We stay on the subject but then just end it without being resolved. As soon as he accused me of being stubborn I just stop as I feel like he won’t listen to me. But i’m scare lately that one day i’m just gonna blow up cause i bottle it up inside me. It’s the small stuffs like he’s unorganized while i do. I don’t complain anymore when he left his shirts on the floor i just pick it up and put it in the laundry basket. One of the example where i think i have and tried to compromise with his habits that i don’t like. I try to accept it instead of being mad at him. So i feel unfair now he won’t listen to me cause he always think i’m just being stubborn or childish without giving me a chance. My point is I was childish and emotional but as I get older and we have kid I have changed and willing to compromise and stop nagging him. I put my family first. He hates working so I said i’ll work and be the breadwinner. I just want him to be happy cause it makes me happy. But he seems stuck with the old me and can’t see that I have changed.


----------



## frenchpaddy (May 31, 2021)

BlueParrot said:


> We stay on the subject but then just end it without being resolved. As soon as he accused me of being stubborn I just stop as I feel like he won’t listen to me. But i’m scare lately that one day i’m just gonna blow up cause i bottle it up inside me. It’s the small stuffs like he’s unorganized while i do. I don’t complain anymore when he left his shirts on the floor i just pick it up and put it in the laundry basket. One of the example where i think i have and tried to compromise with his habits that i don’t like. I try to accept it instead of being mad at him. So i feel unfair now he won’t listen to me cause he always think i’m just being stubborn or childish without giving me a chance. My point is I was childish and emotional but as I get older and we have kid I have changed and willing to compromise and stop nagging him. I put my family first. He hates working so I said i’ll work and be the breadwinner. I just want him to be happy cause it makes me happy. But he seems stuck with the old me and can’t see that I have changed.

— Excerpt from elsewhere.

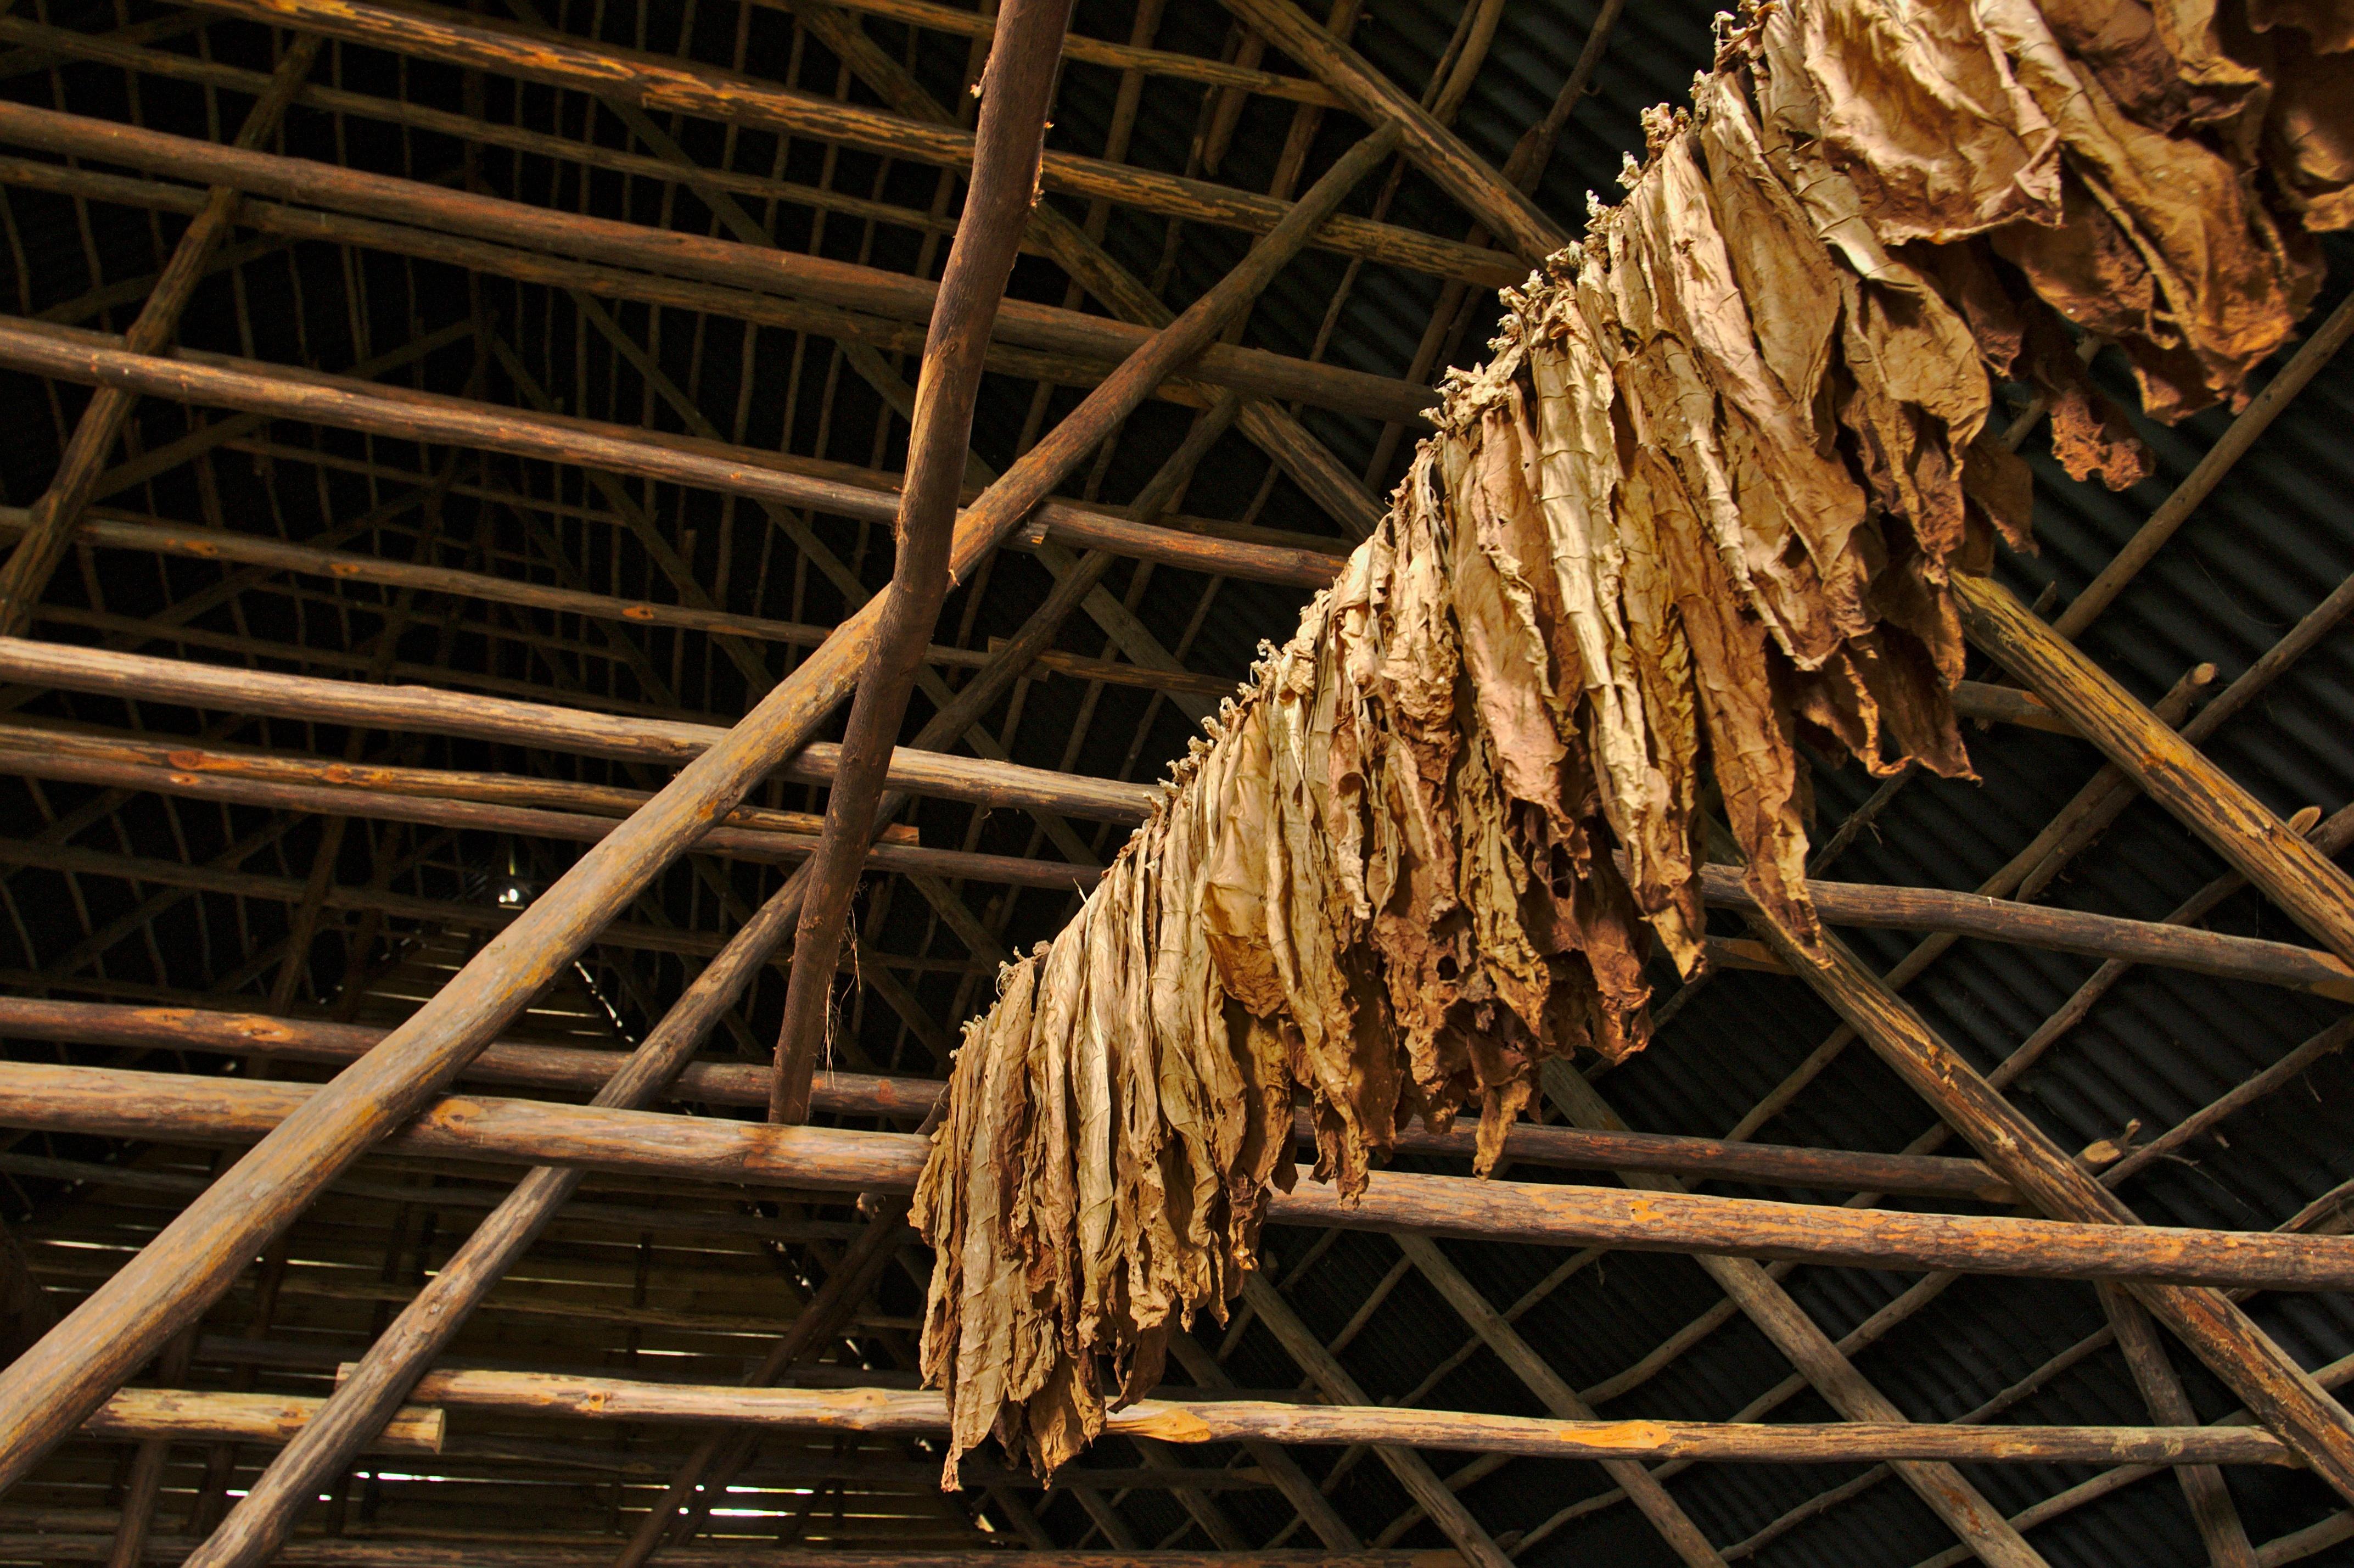 Tobacco_Air_Curing_Cuba2.jpg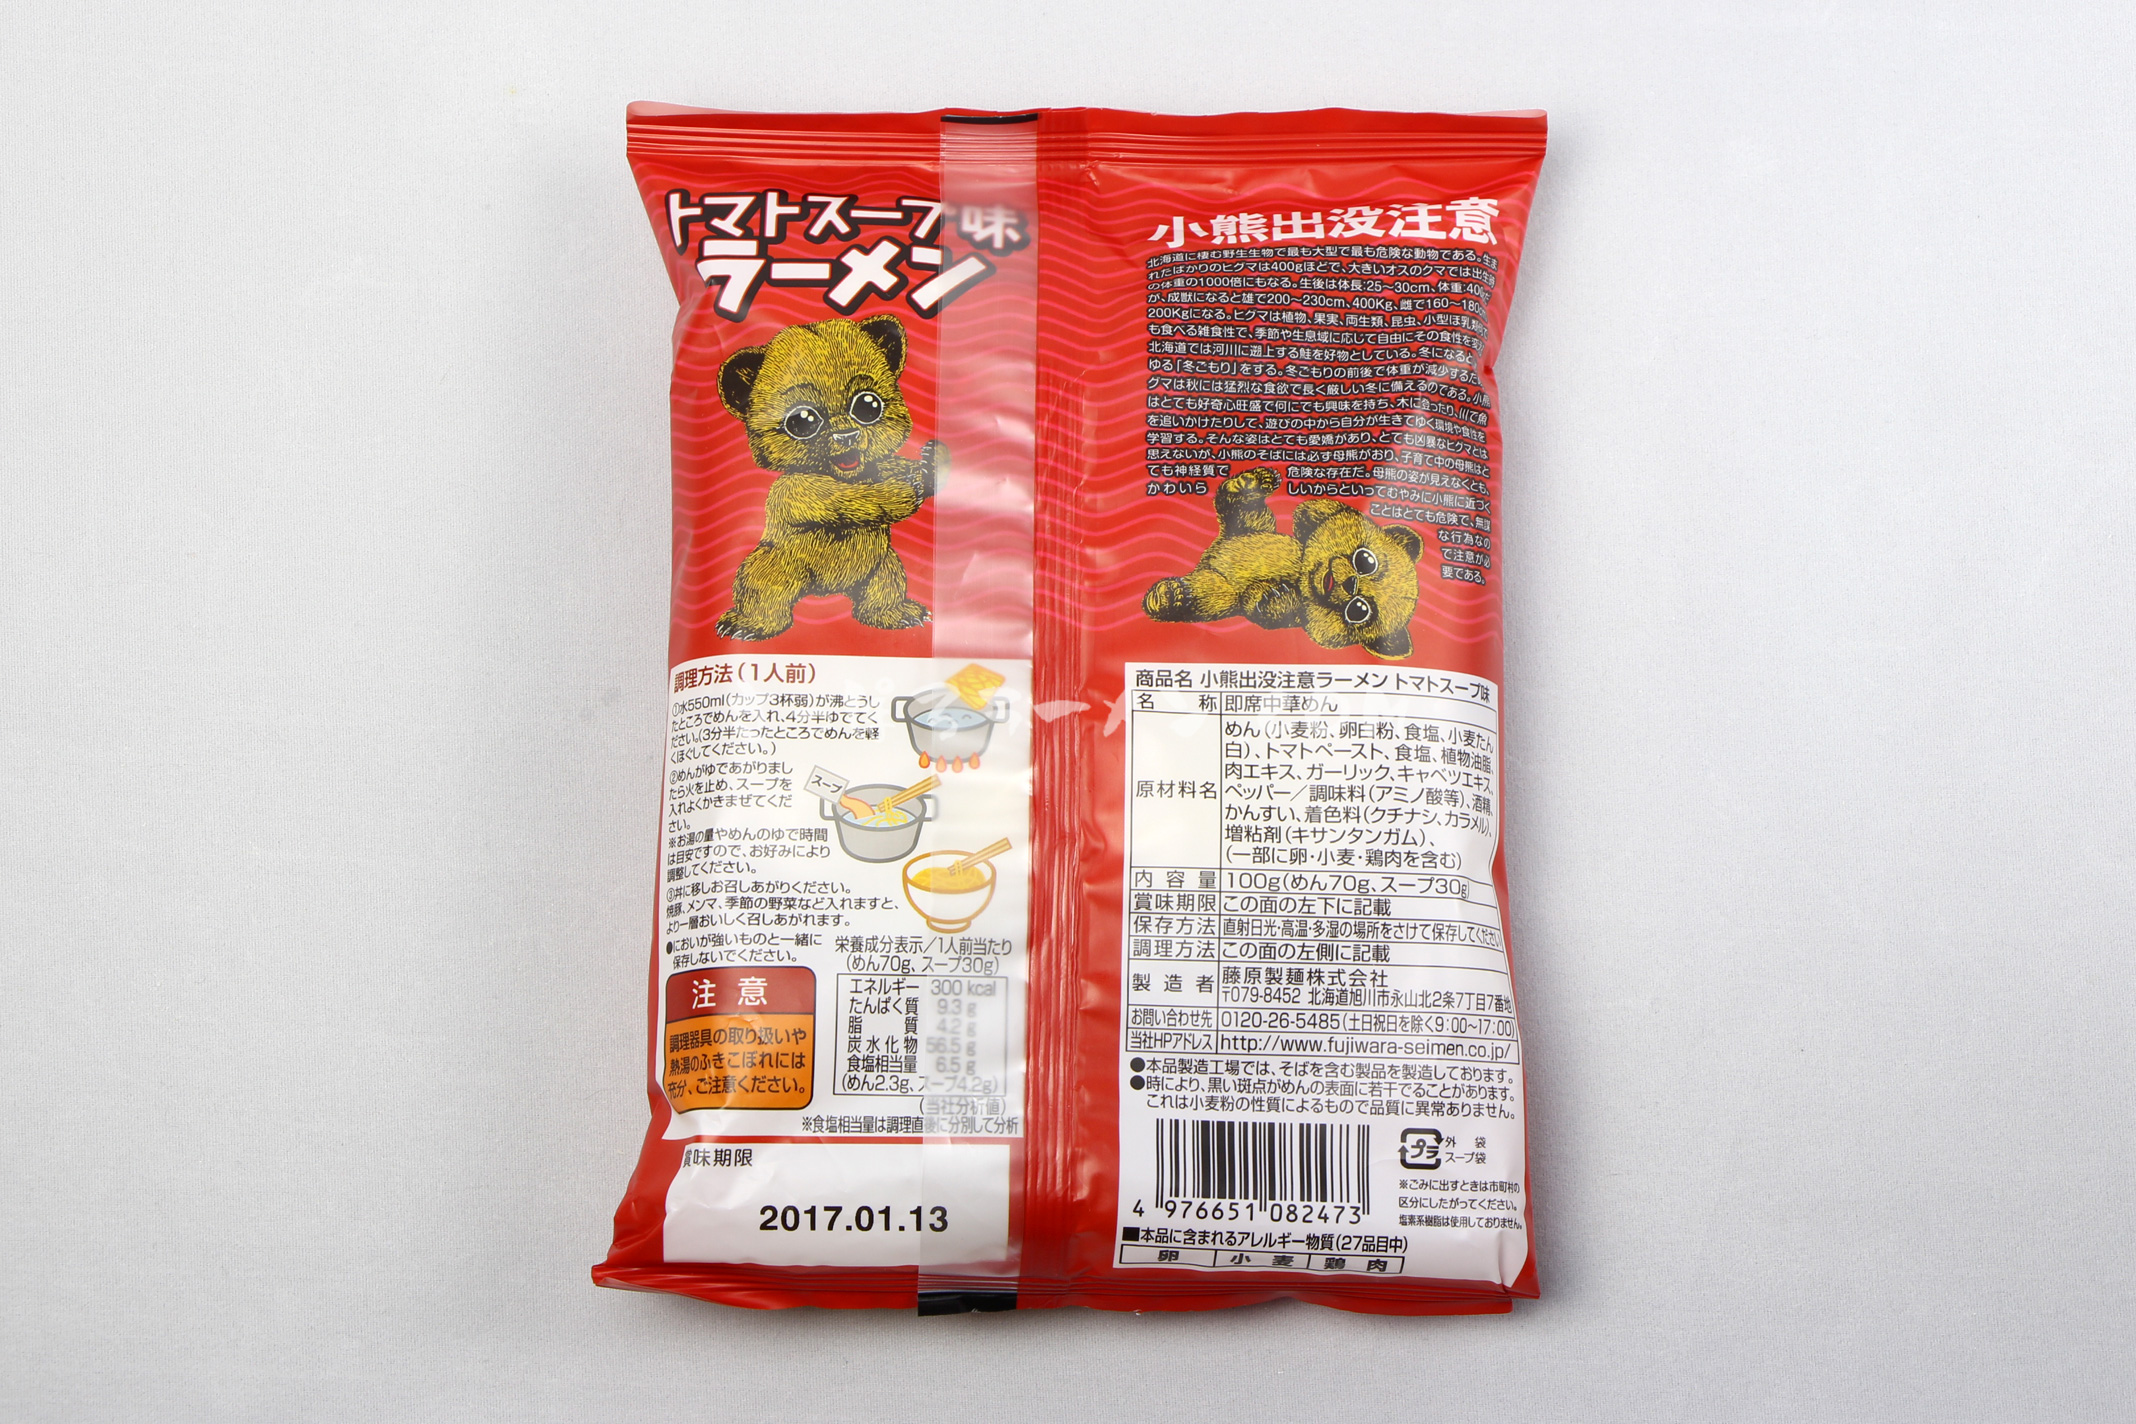 「小熊出没注意 トマトスープ味ラーメン」(藤原製麺)のパッケージ(裏)

well blue you go out to work he stays home to keep house he drops his shirt on the floor , unless you bra is on the floor with it I would be walking past it , it looks like his is on a winner , but I am not here to add to the fire ,
i will copie a post from another topic, it is the second part that i think you might understand it is from the divorce topic , 

we all know someone that is like the first part of this scenarios but my question is how can he stop her getting a divorce if the marriage has broken down , given that he is cheating , I like the wife might not have the proof of his cheating , some men are very good at hiding and we all know a man that started out with the woman above as simple employee and in love with wife as he gets older and grows higher in his job becomes very sexy to a young woman

you see lock-down thought many people what living at home with their other half was relay like , before many couples lived 2 files they had their work life which was 8h or more a day plus add in travailing time dinner brake and in france that can be up to 2h , (gives the cheater enough time to play ) and went home house was clean food on the table and they sit down and look at the match , and the wife looked at a film on telly ,go to bed have sex all was good but did not they area asleep for the best part of 8h , he spends less time with the wife that with his work mates ,

many people married are strangers they think they know each other


----------